According to The New York Times, Goldman Sachs will “admit mistakes” but will not itself have to enter a guilty plea to charges in the US as part of the deal with prosecutors.

The bank will also avoid the appointment of an outside monitor to review its compliance procedures.

In July, Goldman Sachs agreed to pay US$2.5 billion to Malaysia in return of the dropping of criminal charges against the bank’s top executives.

Goldman Sachs also pledged to cover any shortfall from the sale of US$1.4 billion in assets that have been seized by prosecutors in the US.

Lobbyist pleads guilty

Meanwhile, a former fundraiser for US President Donald Trump pleaded guilty earlier this week to a charge that he illegally lobbied Trump to drop an investigation into the 1MDB scandal.

Elliott Broidy, who held finance posts in Trump’s 2016 campaign and on his inaugural committee, was alleged to have received millions of dollars in payments from an unnamed foreign national to try to arrange the end to a US investigation.
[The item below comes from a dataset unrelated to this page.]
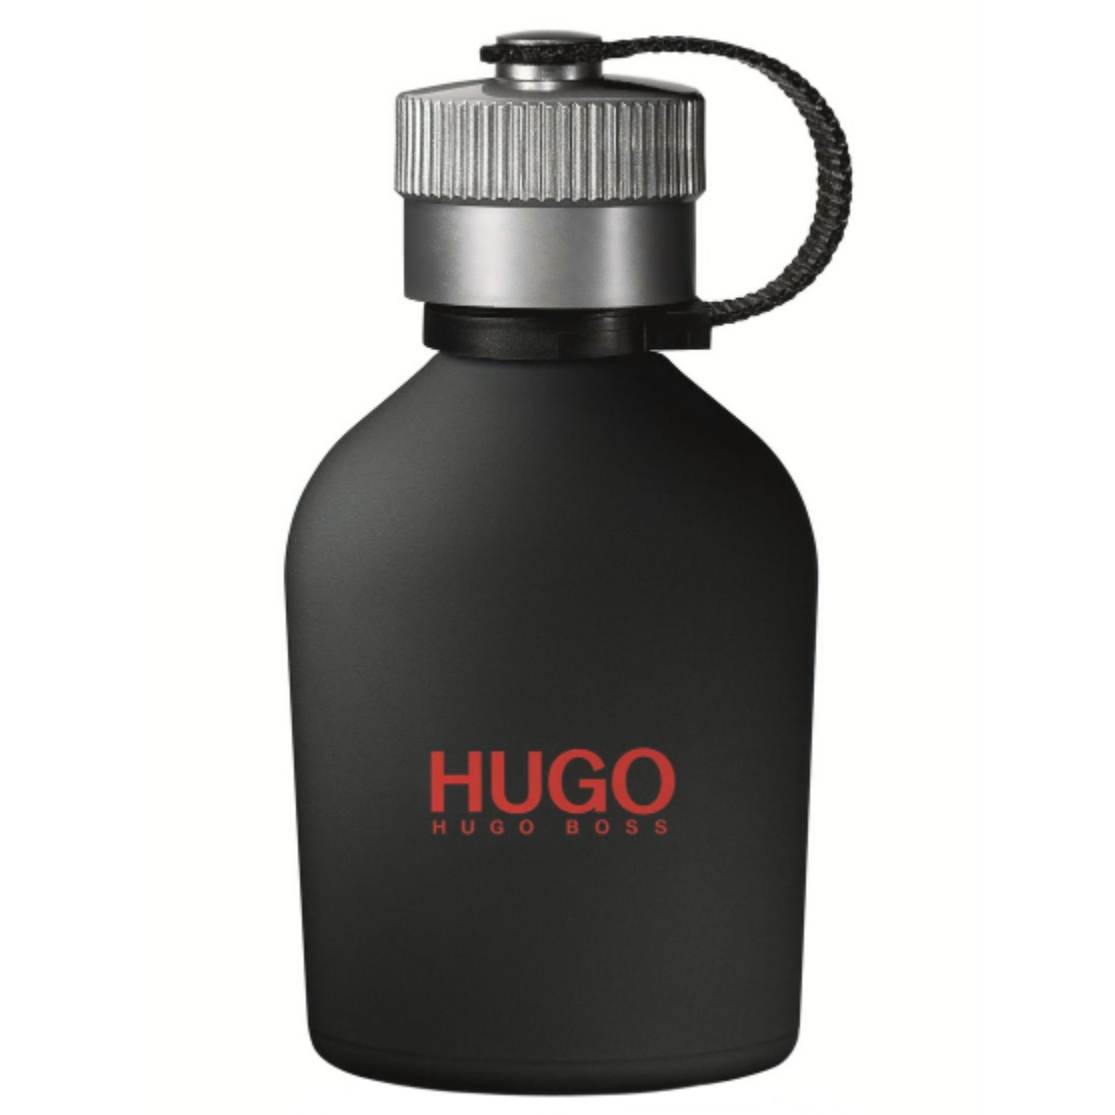 Hugo Boss - Hugo Just Different EdT

The unnamed foreign national is believed to be Jho Low, an associate of former prime minister Najib Abdul Razak, who is currently facing multiple charges in Malaysia for his role in the scandal.

Najib was convicted in July and sentenced to up to 12 years in prison and fined RM210 million in a case involving SRC International, a former subsidiary of 1MDB. He is currently out on bail pending an appeal to his conviction and sentence.

Jho Low, who is wanted man in both Malaysia and US, is believed to be living in China.